▸ **Data below**:
===============

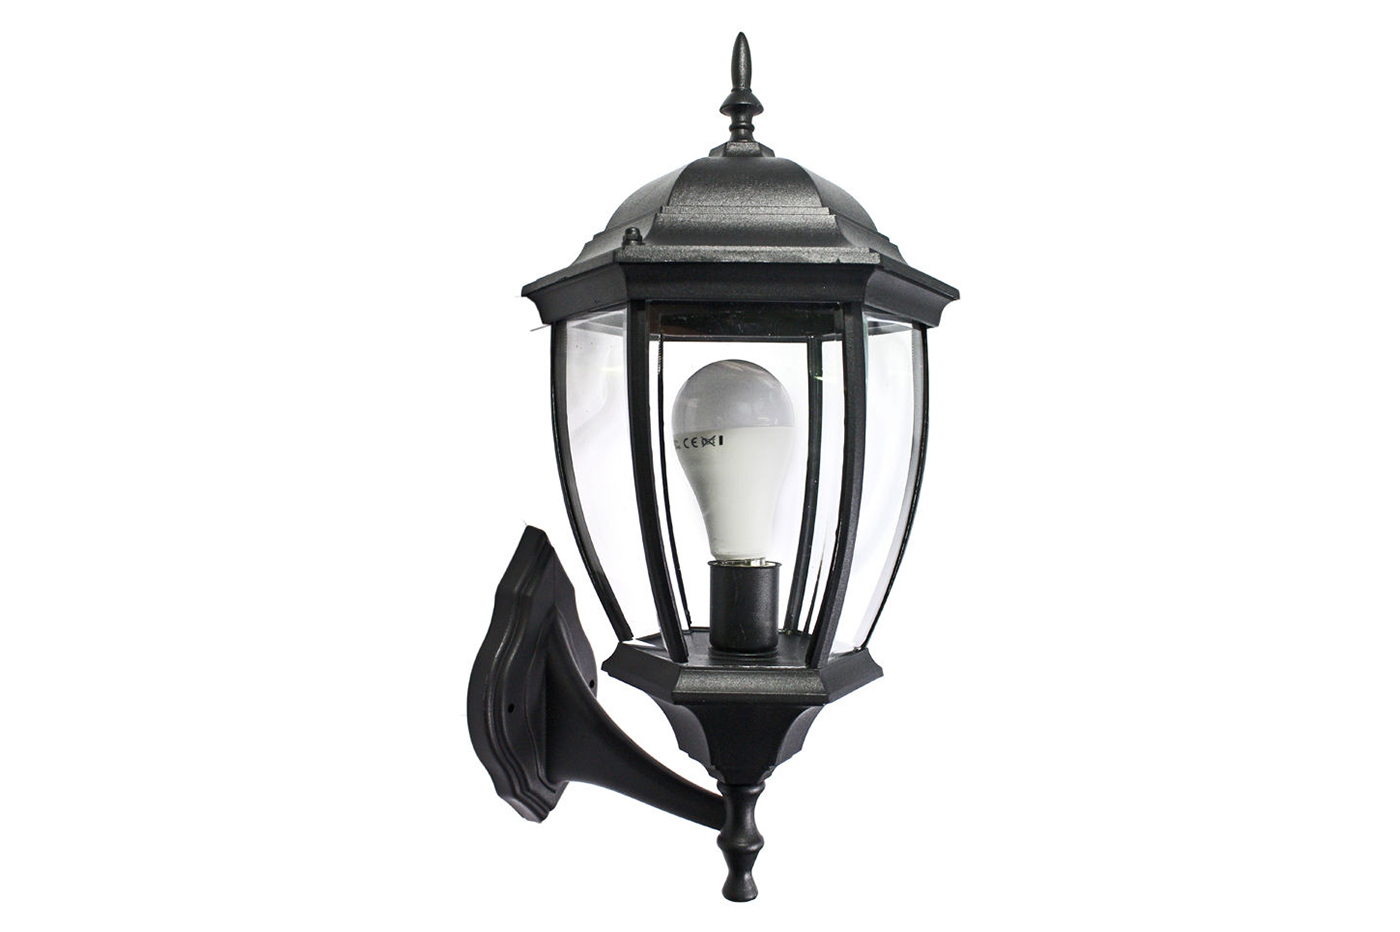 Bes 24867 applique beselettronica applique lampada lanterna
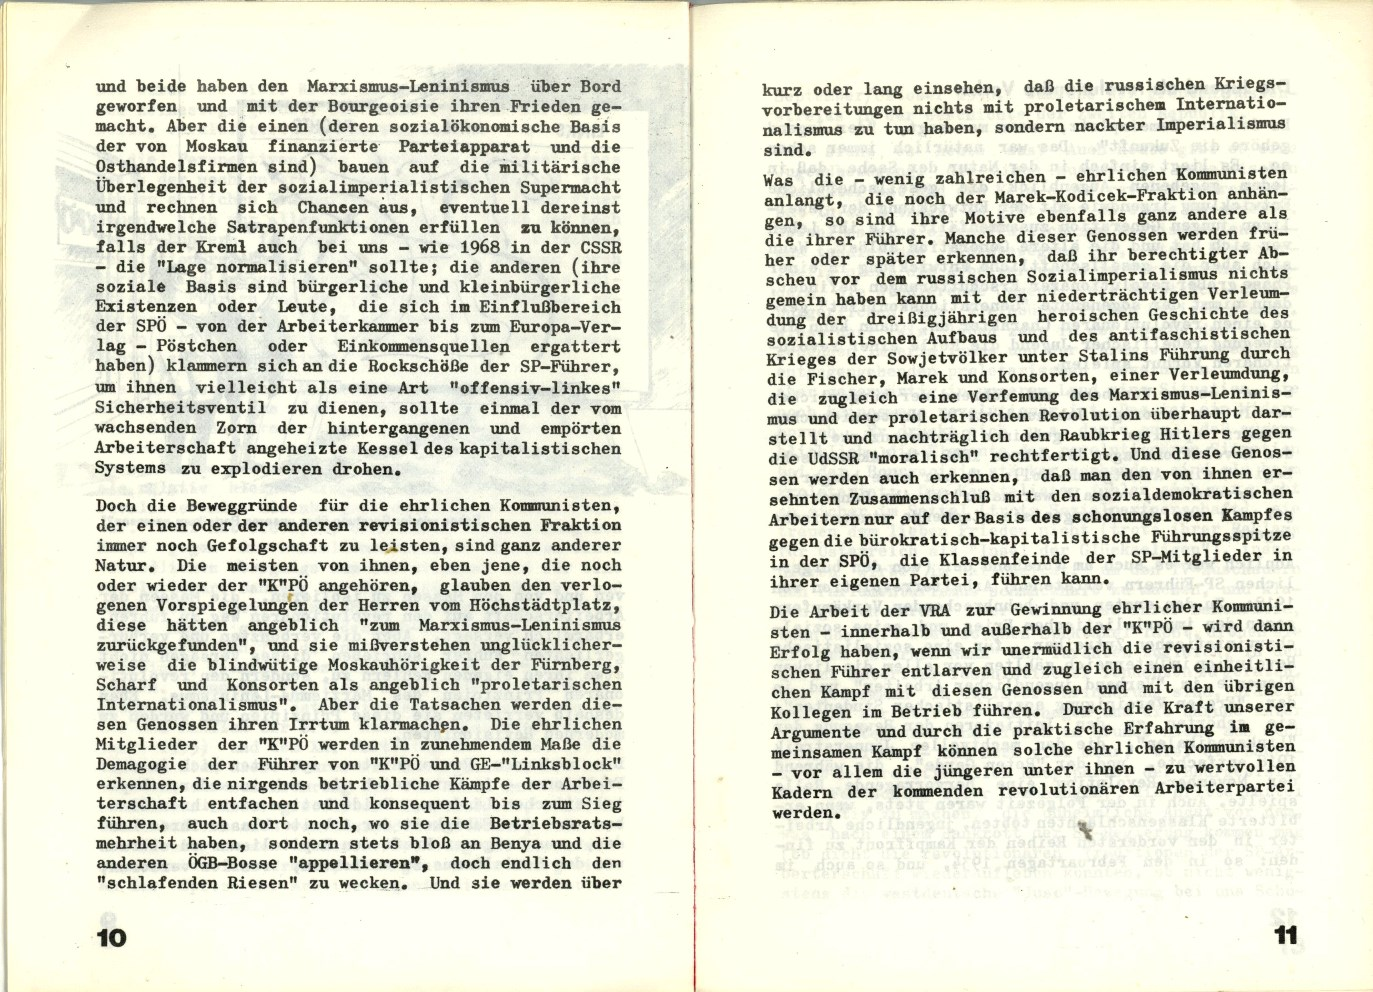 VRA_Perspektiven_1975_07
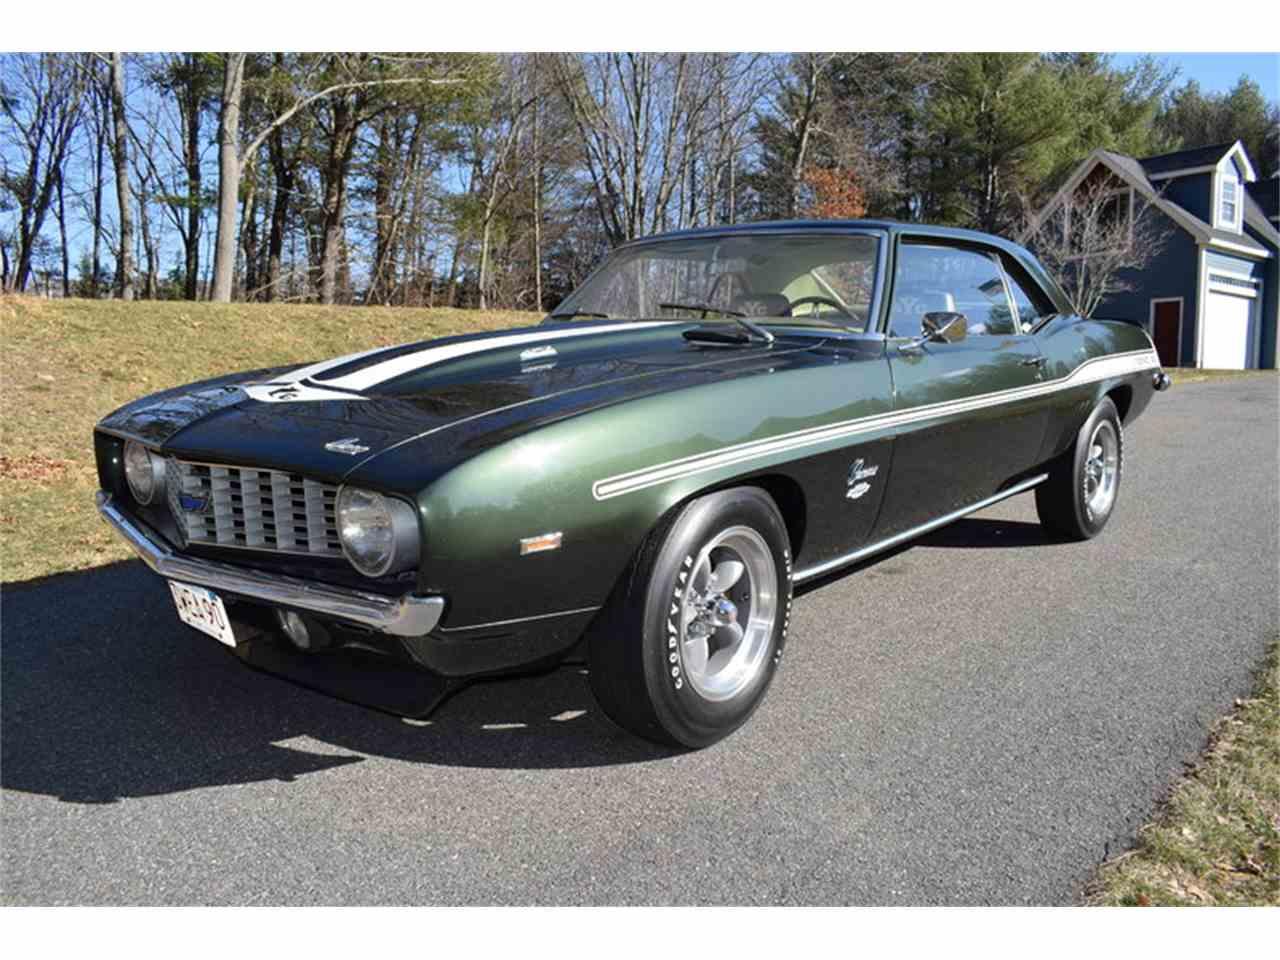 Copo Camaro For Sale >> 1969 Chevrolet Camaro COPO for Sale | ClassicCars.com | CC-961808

===============

▸ **What to produce**: The whole listing above is to be printed exactly; the pictures stay out.

▸ **Your solution**:
 Bes 24867 applique beselettronica applique lampada lanterna
 VRA_Perspektiven_1975_07
 Copo Camaro For Sale >> 1969 Chevrolet Camaro COPO for Sale | ClassicCars.com | CC-961808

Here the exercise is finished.